China can copy everything except aircraft engines. Why?

China is a huge factory for stamping fakes, and for many decades. They copy everything from clothes to military and space equipment. The party’s policy, established many years ago, implies to miss such a crucial and most expensive stage as development and design; instead, the technology is “borrowed” from the USSR-Russia, the UNITED States, the EU.

MiG-29 with RD-33 engines
MiG-29 with RD-33 engines

But not everyone can just copy, for example, over the problem of aircraft engines there are struggling for a long time and so far without success. And we are talking not only about engines for fighters but also for civilian passenger planes.

Thus, the Chinese tried in the 80s to copy the American engines F-404-GE-402 and F-404-GE-F1D2 for F/A-18 and F-117A Nighthawk fighters. It is quite expected that they failed, and then China paid attention to Soviet-Russian products.

The Russian engine RD-93 seemed to the Chinese a worthy candidate to copy; it is simpler than the American and more reliable. And some successes they have achieved – there was an engine WS-13E, which the Chinese proudly called “theirs.”

JF-17 fighter aircraft
JF-17 fighter aircraft

But it was not easy – not knowing the alloys from which the Russian engine is made, the WS-13E was much worse than the original, the engine just did not keep high temperatures. The exit was found – the working areas of the engine were applied ceramic coating, which allowed it to work at high temperatures.

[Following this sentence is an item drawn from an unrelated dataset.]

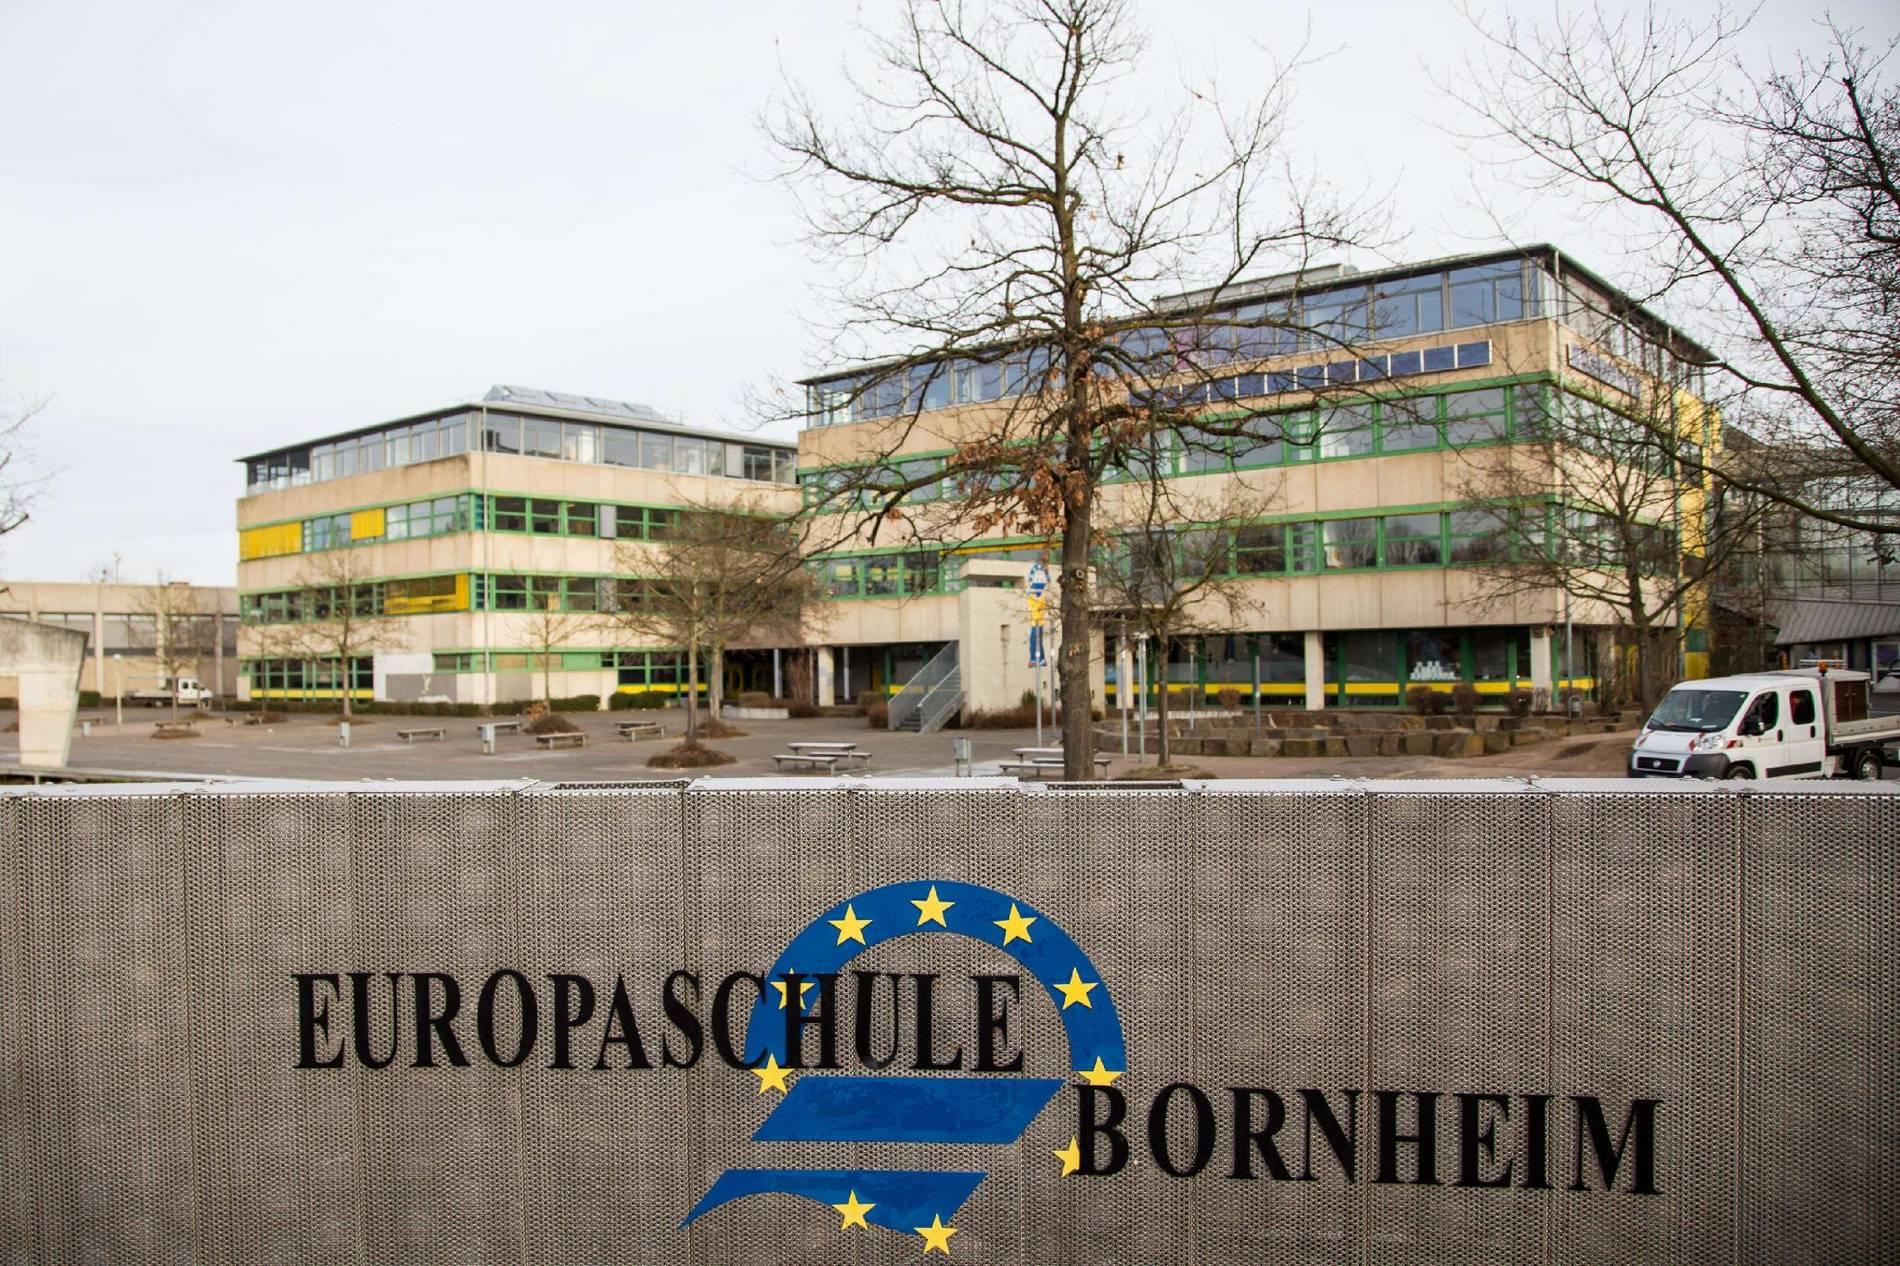 Europaschule-Bornheim

The engines were installed in a light JF-17 fighter and sold to Pakistan.

Since the WS-13E is unreliable and relatively low-power, a new WS-15 engine is being developed for the “newest” 5th generation J-20 fighter jets, but it is also deaf, and Chinese aircraft are flying on Russian engines.

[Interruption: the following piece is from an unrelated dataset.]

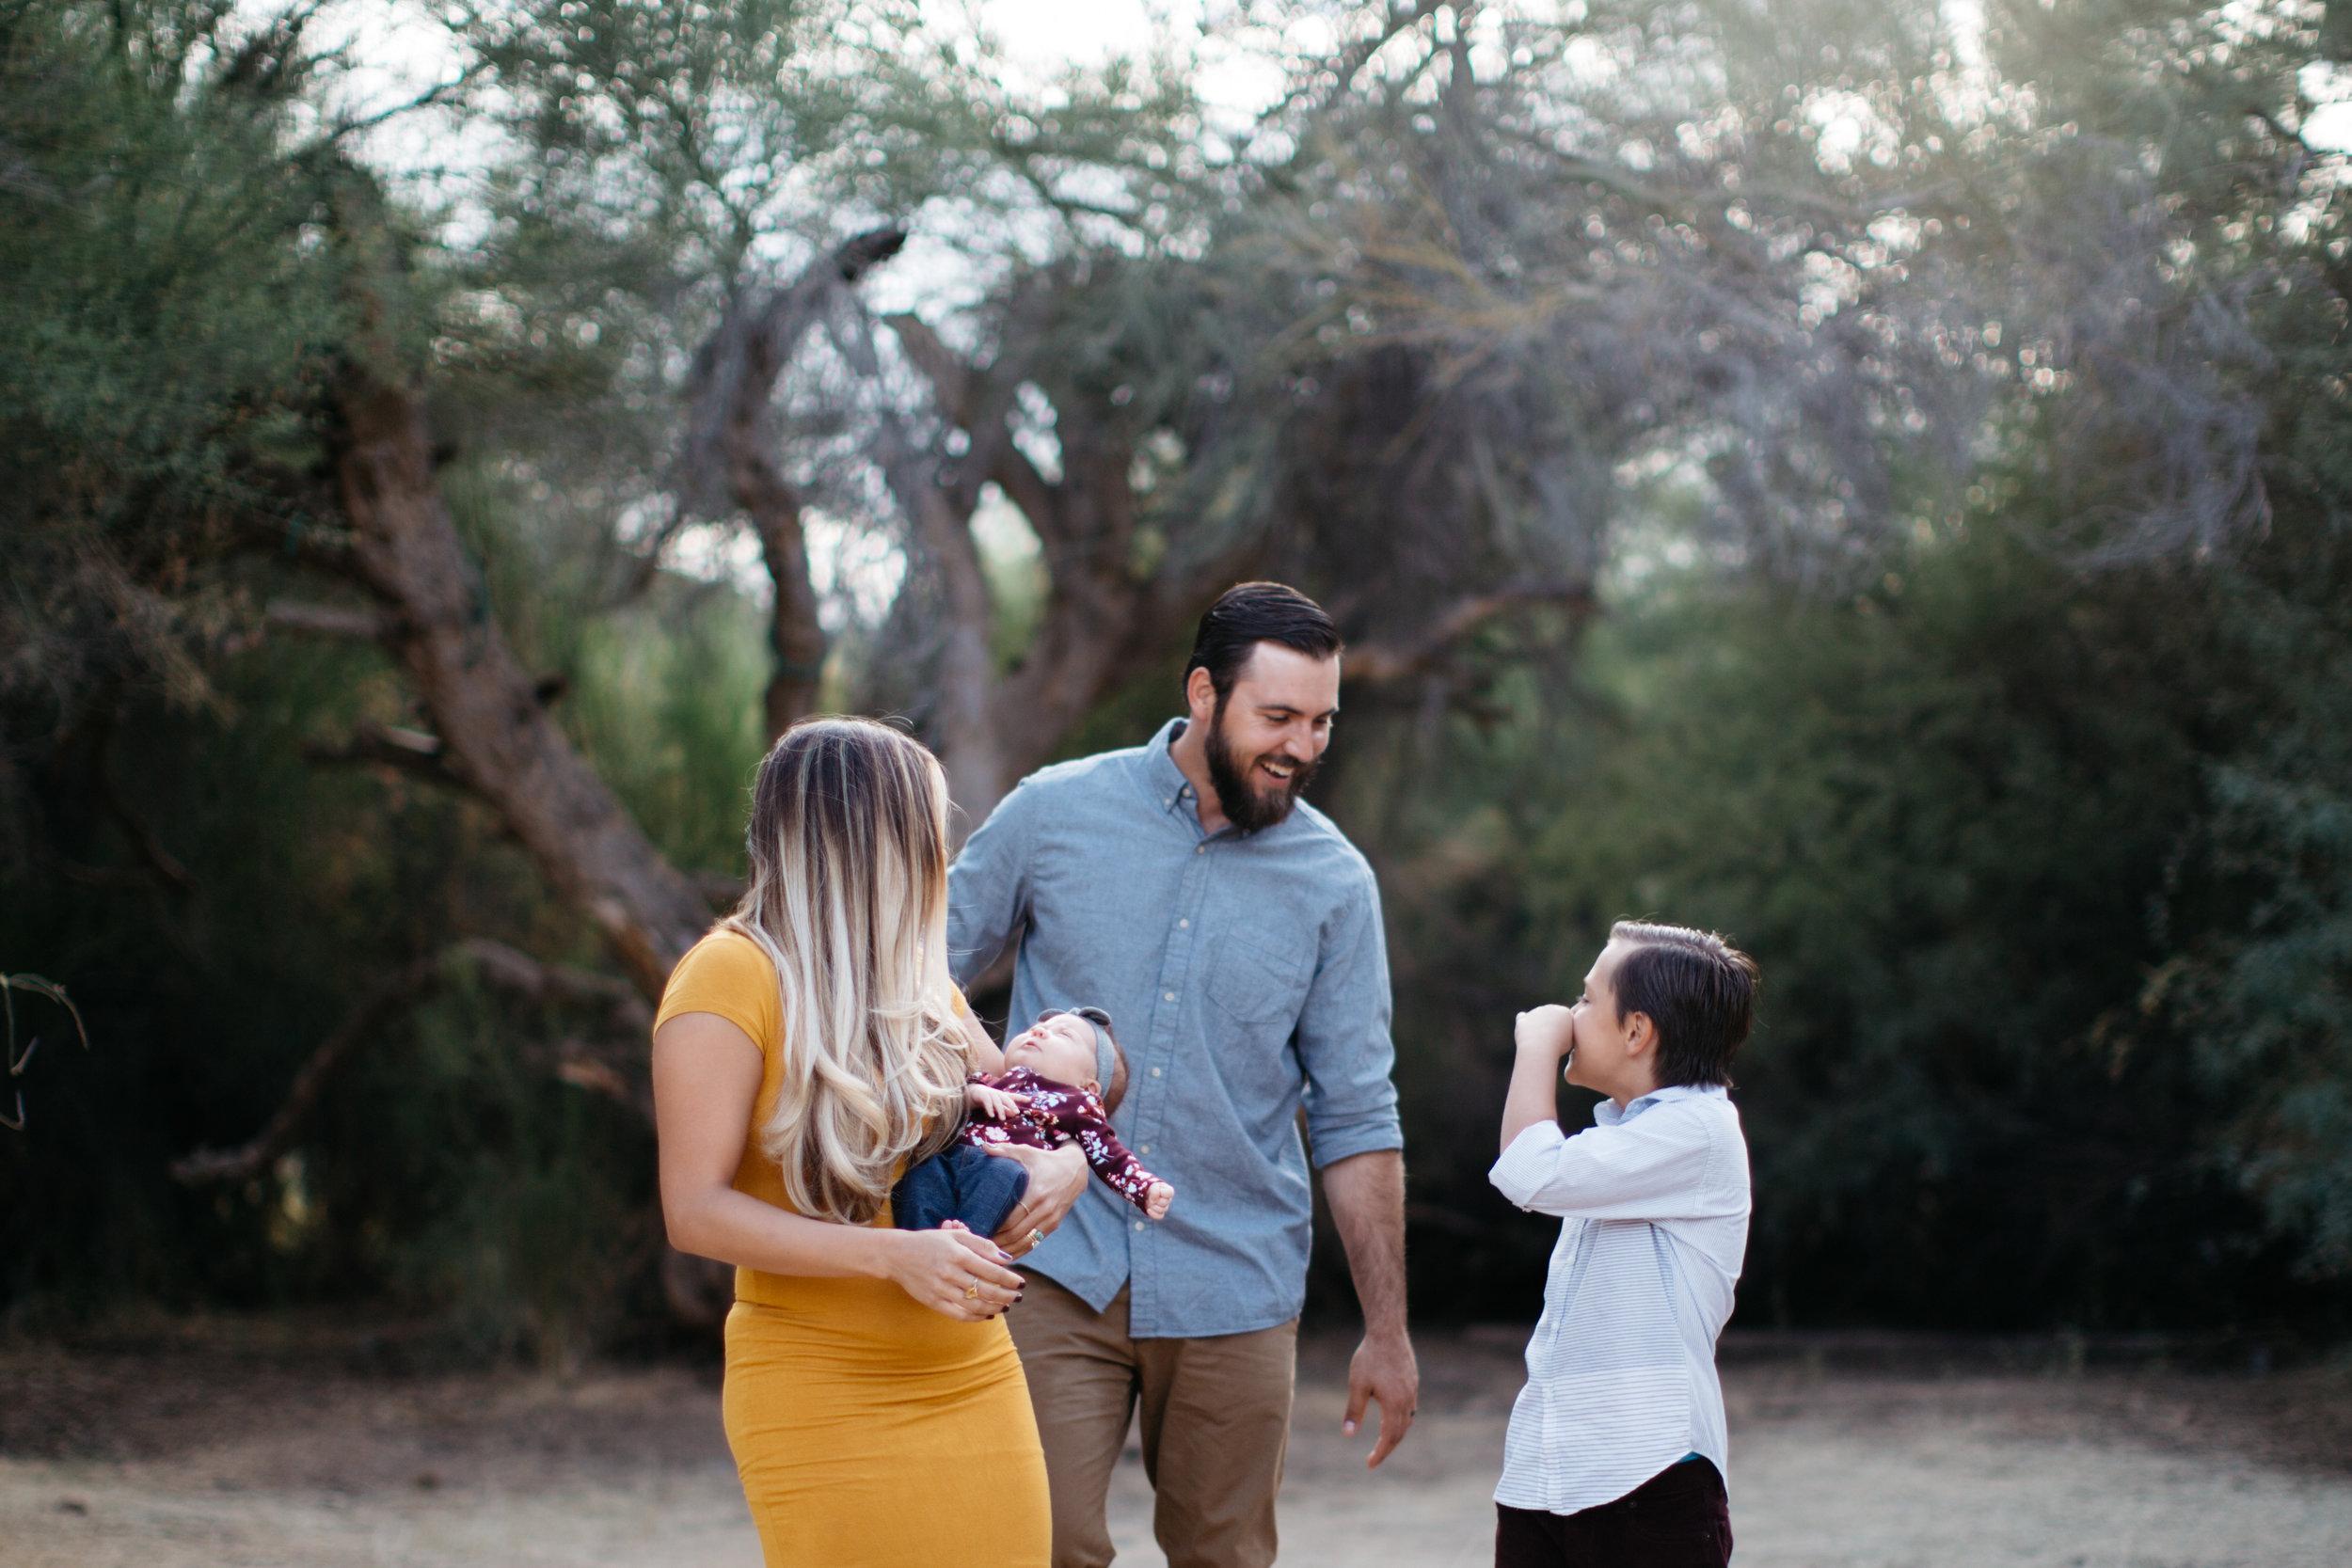 phoenix-family-photography-elan-photographie-studio-7.jpg

The Y-20 military transport aircraft and the N-6 long-range bomber are also flying on the Russian D-30KP2 engines, which was developed in the USSR in the 1960s. The Chinese are working on a replacement – W-20 is brought to mind, but so far there is deaf.

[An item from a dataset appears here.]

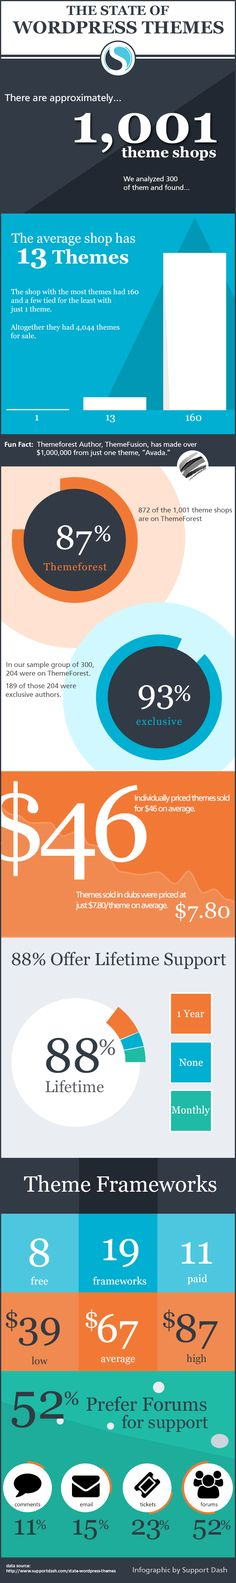 The State of #WordPress Themes. Bespoke Social Media & Marketing

Russian AL-31(upper) and Chinese WS-10 engine (Lower)
Russian AL-31(upper) and Chinese WS-10 engine (Lower)

In 2018, China tried to hack into the servers of 13 global companies producing aviation and space equipment, mostly affected by U.S. companies, but other countries got it. Whether successful or not is unknown, the U.S. said that China’s intelligence services and a number of relevant companies were involved in the hacking. It is clear that the Chinese denied everything, but the probability of such an event is high.

Thus, aircraft engines remain a mystery for Chinese specialists, showing that to create their school of aircraft builders at least long and expensive; however, it is the only way.